Иван Иваныч, прочитав вопрос, якобы, не обратил на него внимания, а поэтому не счёл нужным отвечать оппоненту. Он только насупился и задумчиво посмотрел куда-то поверх монитора, в уже овладеваемое сумерками пространство кабинета и задумчиво повторил про себя: – или двух? Резко изменившаяся освещённость экрана, из-за появившейся на нём очередной порции текста, вывела хозяина кабинета из забытья и он, автоматически взглянув на экран, не вдаваясь в суть написанного, ответил сам себе, как ему казалось, окончательно и бесповоротно, – одного, только одного! И больше никаких двух! Свалив с плеч очередную гору сомнений, он всё же обратил внимание на электронное послание, продолжавшее убеждать его во всесильности, в нашем обществе, единовластия, способного в одночасье решить любые социально-политические и экономические вопросы, вплоть до смены ориентиров и идолов.
– Вы что же, предлагаете свержение существующего строя, а мне отводите роль лидера государственного переворота? – Совершенно нейтрально, несмотря на социальную остроту прочитанного, поинтересовался Иван Иваныч. То ли от усталости, то ли от того, что он в данный момент в очередной раз для себя всё решил, к происходящему вокруг он стал как-то безразличен. К тому же, им уже овладевала очередная идея, которую пока он не знал, как оформить для дальнейшей практической реализации. И этот процесс всё больше и больше занимал его, даже заменяя желание «бродить» по любимому интернету и общаться с блоггером. Он видел перед собой цель, хотя пути и способы её достижения были весьма туманны. Однако монитор не мог знать и чувствовать настроения собеседника, поэтому продолжал бесстрастно покрываться буквами, строчками и абзацами.
– Боже упаси! О каком свержении строя Вы говорите! Я же не предлагаю вам совершить очередную пролетарскую революцию или завтра объявить, что у нас началось строительство коммунизма. Свержение существующего строя, насколько я понимаю, должно сопровождаться сменой общественно-экономической формации или, по крайней мере, кардинальной сменой идеологии. На нашей с Вами памяти такое происходило в прошлом веке, в 1917 и в 1991 годах. Сейчас мы понимаем, что период между этими двумя датами показал нам несостоятельность, по крайней мере, в обозримом будущем, надежд некоторых вождей на построение коммунизма в отдельно взятой стране. Другого антипода этой утопии кроме капитализма, пока не придумали. Поэтому, коль я не призываю идти вперёд, к победе коммунизма, значит, меня вполне устраивает капитализм, следовательно, ни к какому свержению существующего строя я не призываю. Хотя, Ваши опасения мне понятны. Для вас там, наверху, от длительного сидения на одних и тех же местах, а самое главное, – от уверенности в преемственности и незыблемости вашей власти, давно сместились и перемешались приоритеты. Посему любая попытка призвать к порядку ту или иную высокопоставленную персону рассматривается не иначе, как покушение на государственное устройство. Точно такое же отношение и к реформам.

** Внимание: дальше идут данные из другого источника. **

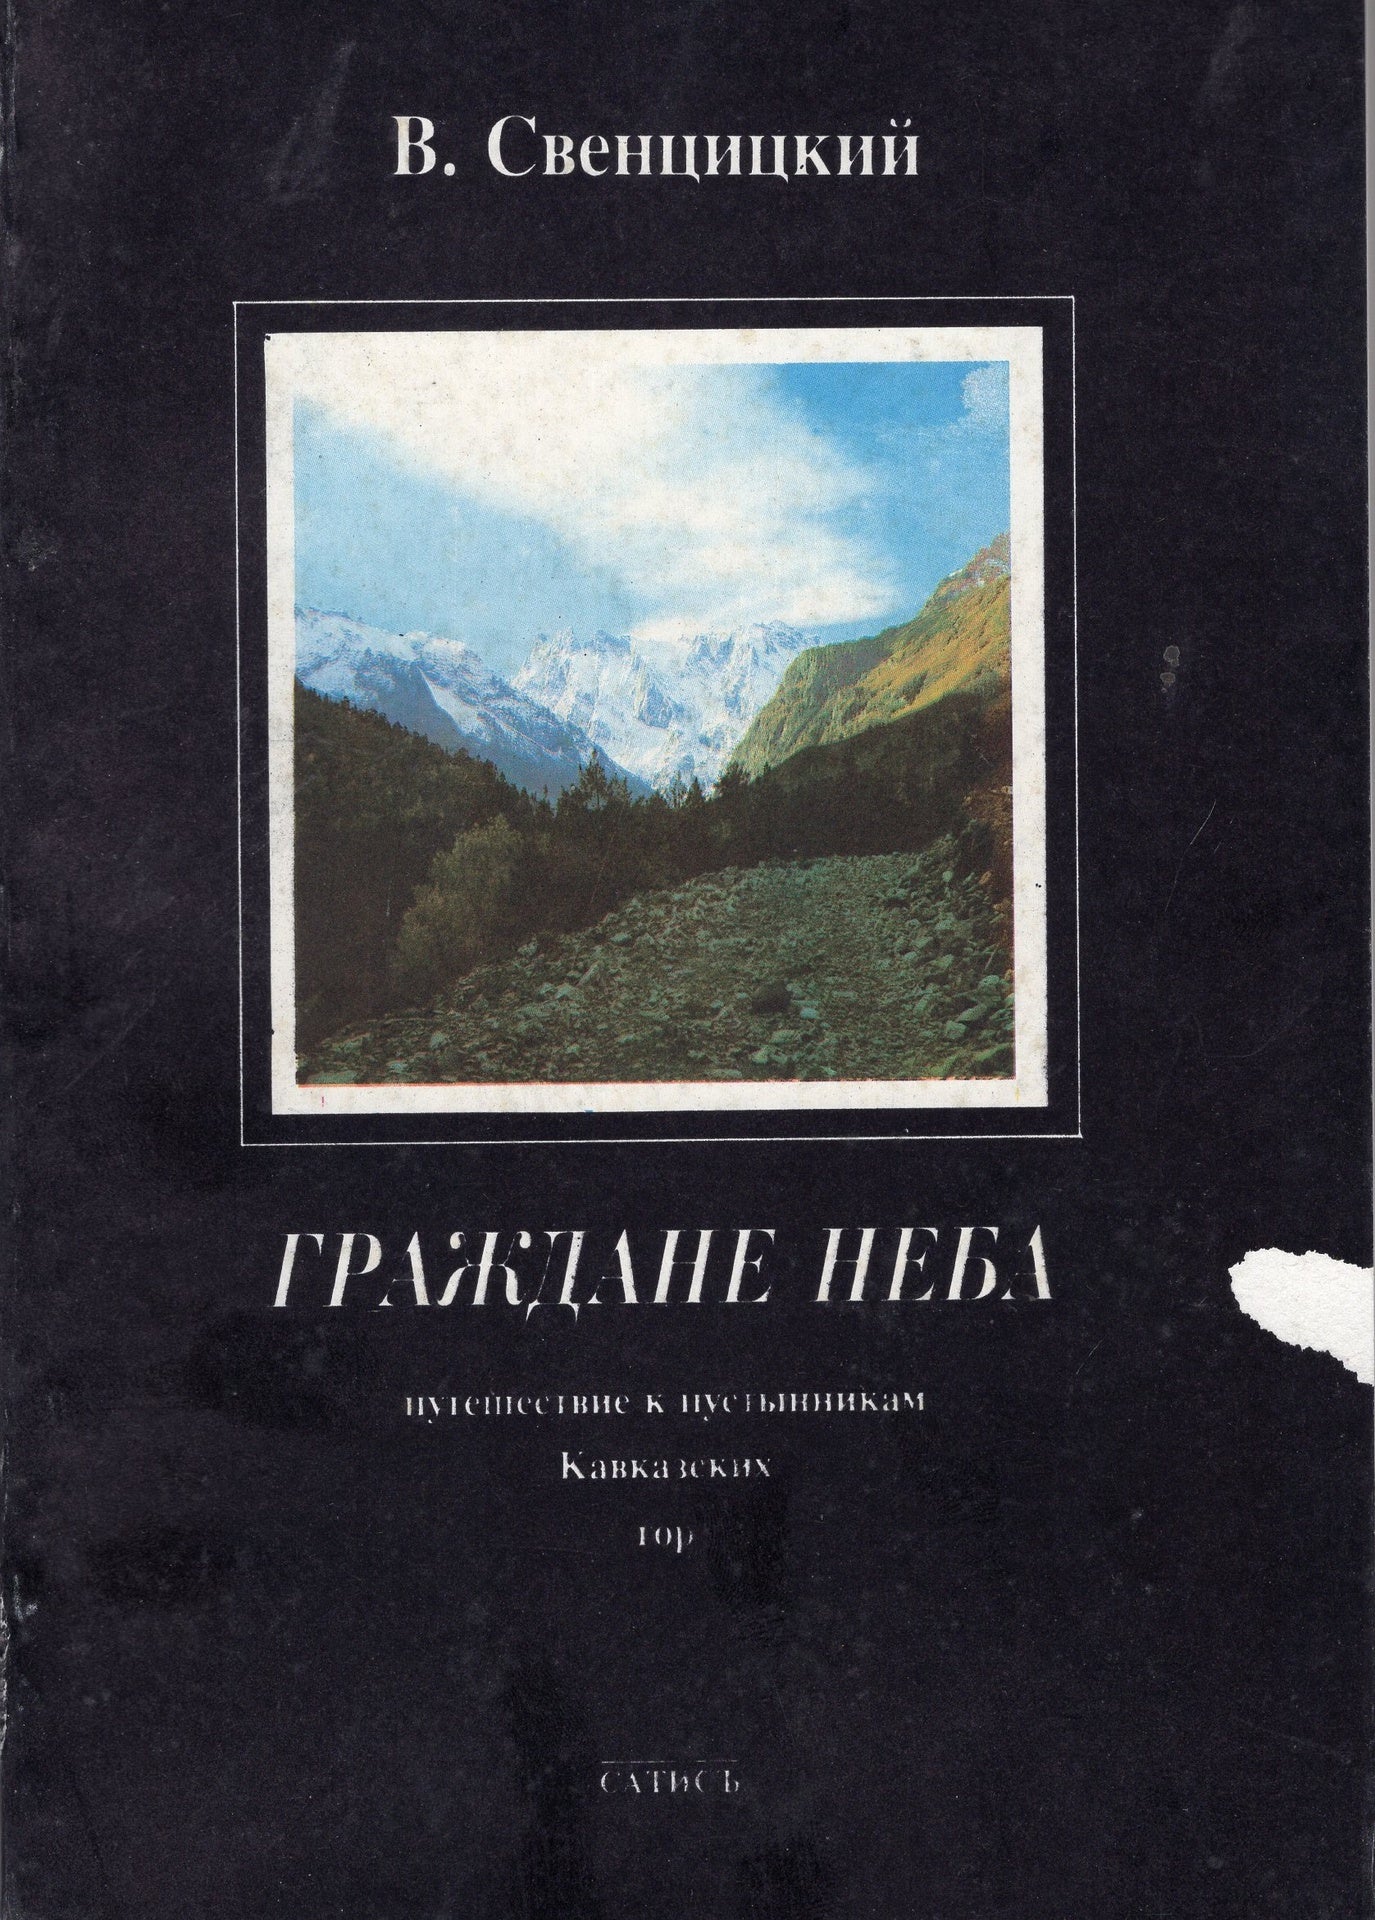 Граждане неба: путеводитель к пустынникам Кавказких гор

Какое-то время, вероятно, в ожидании реакции собеседника, экран оставался чистым. Иван Иваныч же, прочитав упоминание о реформах, вновь охладел к общению и сосредоточился на более важной, в данный конкретный исторический период, проблеме – реформировании общественных институтов с целью искоренения в них коррупции, бюрократии и безразличия. Одну немаловажную победу в рамках борьбы с этим вездесущим злом он уже одержал, переименовав милицию в полицию. Теперь перед ним стояла более сложная задача, – как назвать всё оставшееся: министерства и ведомства, госкорпорации, руководство регионов и так далее, до самого последнего главы самого зачуханного сельского поселения. Лучше дать им одно название на всех или каждому своё? Тоже вопрос не из простых. Наверное, одно имя на всех будет не совсем правильно. Скопом, говорят, и умирать не страшно, когда все вместе. Значит лучше, всё же, наречь каждого по отдельности, тогда больше бояться будут. Одна загвоздка, где столько названий набрать.

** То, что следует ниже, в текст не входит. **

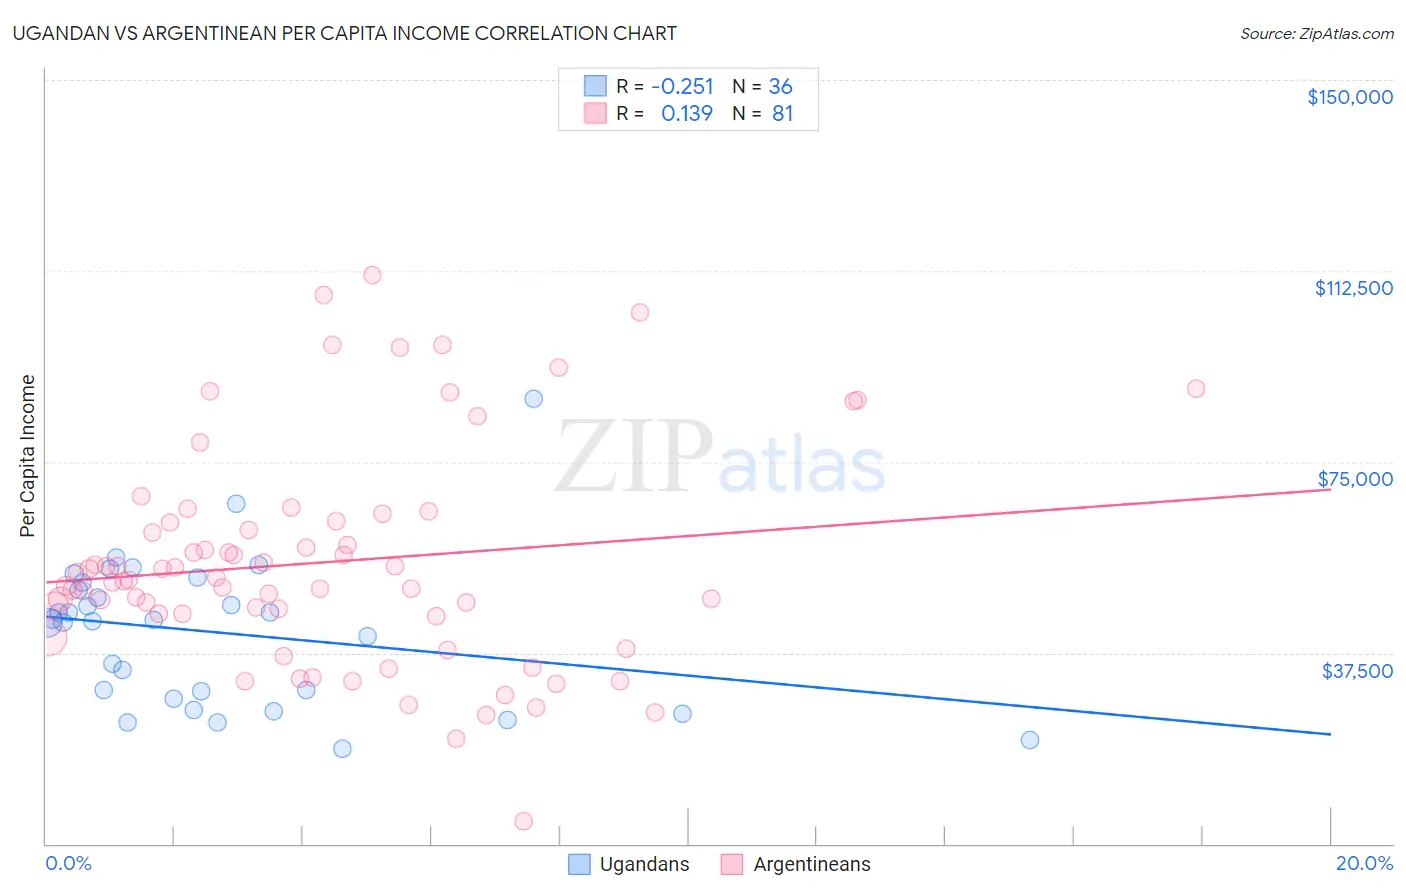 Ugandan vs Argentinean Per Capita Income

– Ну, сказанул! А интернет на что? – Внутренне улыбнулся он, приходя в хорошее расположение духа от осознания того, что часть задуманного уже практически сделана. Осталось совсем немного и задача, над которой билась ни одна верховная власть, будет решена. Повернувшись к монитору, Иван Иваныч намеревался, не мешкая, начать поиск, но, вдруг появившийся на экране текст полностью овладел его вниманием.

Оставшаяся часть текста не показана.